Blake Bortles Did Just Enough, Like He Has All Season, as Jaguars Shut Down Bills
JACKSONVILLE — It’s been 17 years since the Buffalo Bills’ last NFL playoff game. It’s also been 17 years since the Jacksonville Jaguars have hosted a postseason game, and it’s been a decade since the team’s last playoff game. On Sunday, both team’s respective playoff droughts showed.
Good football was hard to find at EverBank Field, but at least it was predictable football. The Bills, losers of 18 straight games when trailing going into the fourth quarter, made it 19 games. The Jaguars, winners of all eight games when Blake Bortles did not throw an interception in 2017, made it nine with their 10–3 victory.
Like much of this season, Jacksonville didn’t need much from Bortles—other than to not make any mistakes. He had more rushing yards than passing yards in the first half, where he looked scared and too conservative in the air. He tallied six first downs via passing and six with his legs in a 12-for-23 performance that featured 87 passing yards and 88 rushing yards on Sunday.
Half of Jacksonville’s wins this season came in games where Bortles had fewer than 20 completions, including two wins with games of eight and 11 completions. They haven’t needed much from Bortles other than begging him to not turn the ball over, something Tom Coughlin said early in his return to Jacksonville when faced with the fact that Bortles’s 63 turnovers since entering the league led all players.

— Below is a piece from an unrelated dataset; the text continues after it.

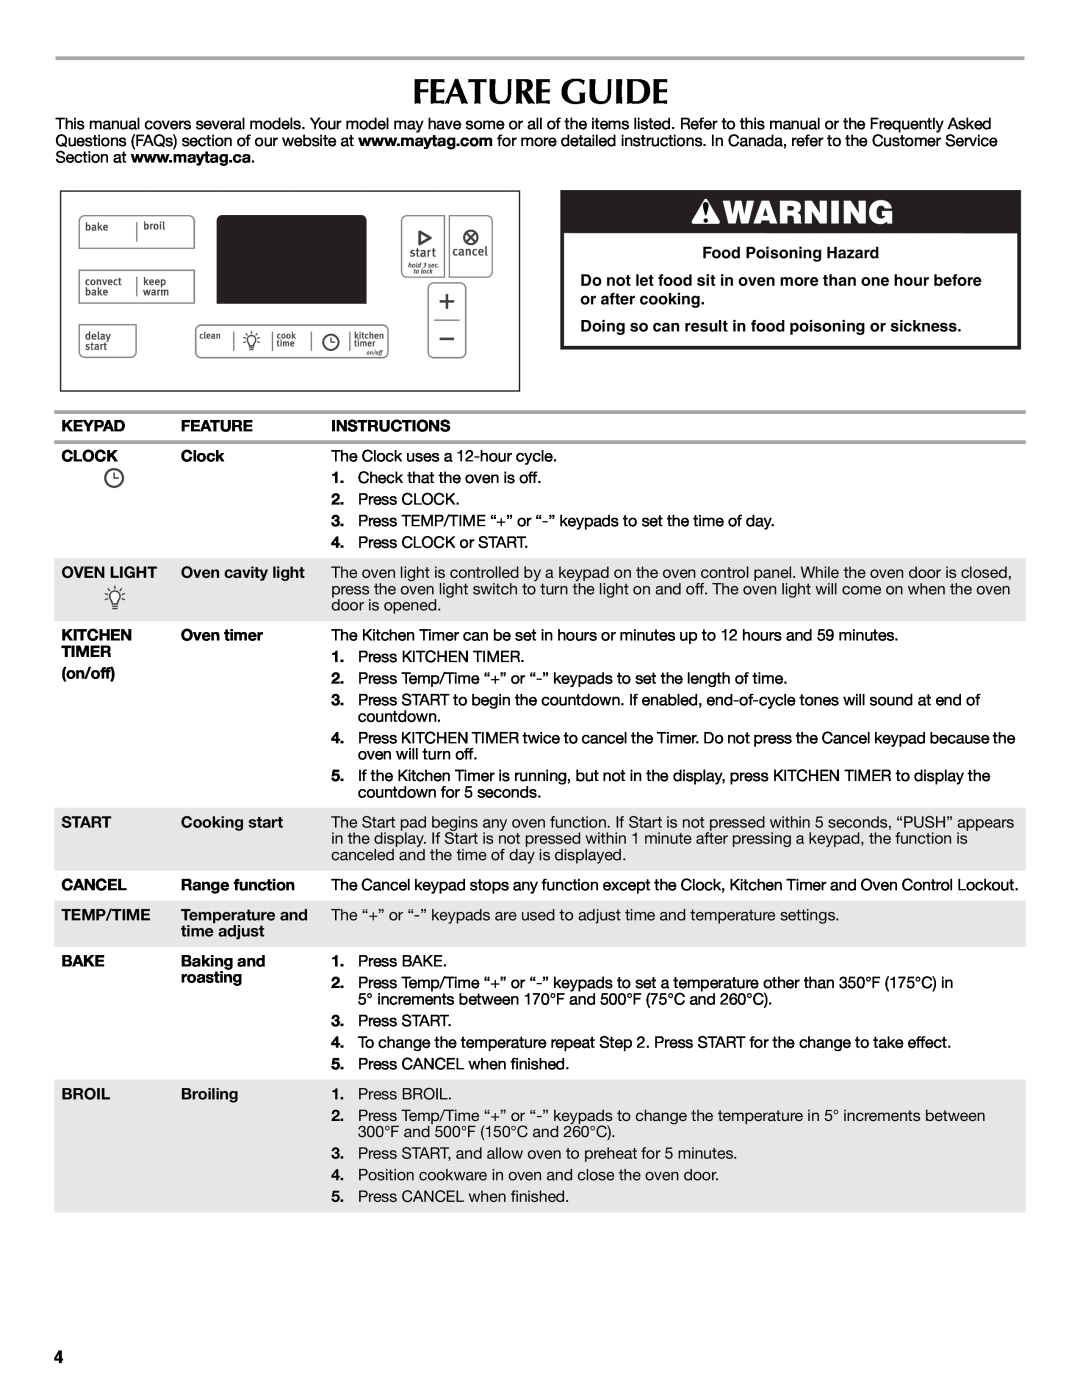 Maytag W10399029B warranty Feature Guide, Food Poisoning Hazard, Doing so can result in food poisoning or sickness

Bortles responded this season with a career-low 13 interceptions this season, and he had only four games with multiple picks. The Jaguars went 8–0 in 2017 when Bortles threw no interceptions, and only one of those games was decided by one possession.
And where it counted the most, Bortles never made too costly an error. Including Sunday’s one-yard touchdown toss on fourth-and-goal, Bortles had 19 TD passes and zero interceptions in the red zone this season.
“It shows who Blake is,” Allen Hurns said. “No matter what happens he finds a way. No matter what happens during the course of a game, he has that belief that he can go down and lead us on any given drive. He wasn’t able to get it done in the passing game, but that’s on all of us. He made a lot of plays with his legs to continue drives.”
For Buffalo, the team was hampered by dizzying play calls from the staff and lack of aggression from Tyrod Taylor—two things that have plagued them all season.
The Bills’ final two first-half drives ended with puzzling throws by Taylor and even more puzzling play-calling from offensive coordinator Rick Dennison. On the second-to-last drive of the first half, a heavy dose of LeSean McCoy in the pass and run games carried Buffalo to the red zone, and after stalling at the three-yard line the Bills were set to kick a field goal. But the Jaguars lined up int he neutral zone, gifting the Bills the ball at the one.
Rather than punching it in with McCoy or human-bowling-ball Mike Tolbert, the Bills opted to throw to Kelvin Benjamin, who was going against top corner Jalen Ramey. At 6' 5", Benjamin has never been subtle about contact, and he was flagged for offensive pass interference to take the Bills back to the 11. Buffalo took another loss and by third-and-goal from the 13, Taylor sailed the ball past the only player who actually was covered. The Bills settled for three points instead of six.
“Yeah, you know, there’s some calls we want back. That’s probably one of them," head coach Sean McDermott said. "Just situationally right there more than anything.”
And on the final drive of the half, rather than rushing three times and forcing Jacksonville to use all its timeouts (or better, get the first down and go into halftime without a worry), the Bills opted to throw on second and third downs. Deonte Thompson dropped the second-down throw and Zay Jones was pushed out of bounds short of the sticks on third down.
Jacksonville took their two timeouts and let Bortles, miserable in the air all game no matter what the true wind conditions were, scramble twice to get into field goal range. Josh Lambo’s 44-yard field goal was good, knotting the game at 3–3—but the Bills could have very well been leading 7–0 at halftime, had there been more appropriate play-calling in those final four minutes.
Buffalo’s loss may signal the end of Taylor’s tenure as a Bill, as the team will surely look to upgrade the position in the offseason (he may look to get out after the Nathan Peterman fiasco, too). And for the Jaguars, a date with the Steelers looms next Sunday. It marks both a rematch of 2007 postseason victory in Pittsburgh and October’s 30–9 shellacking at Heinz Field where Ben Roethlisberger threw five interceptions.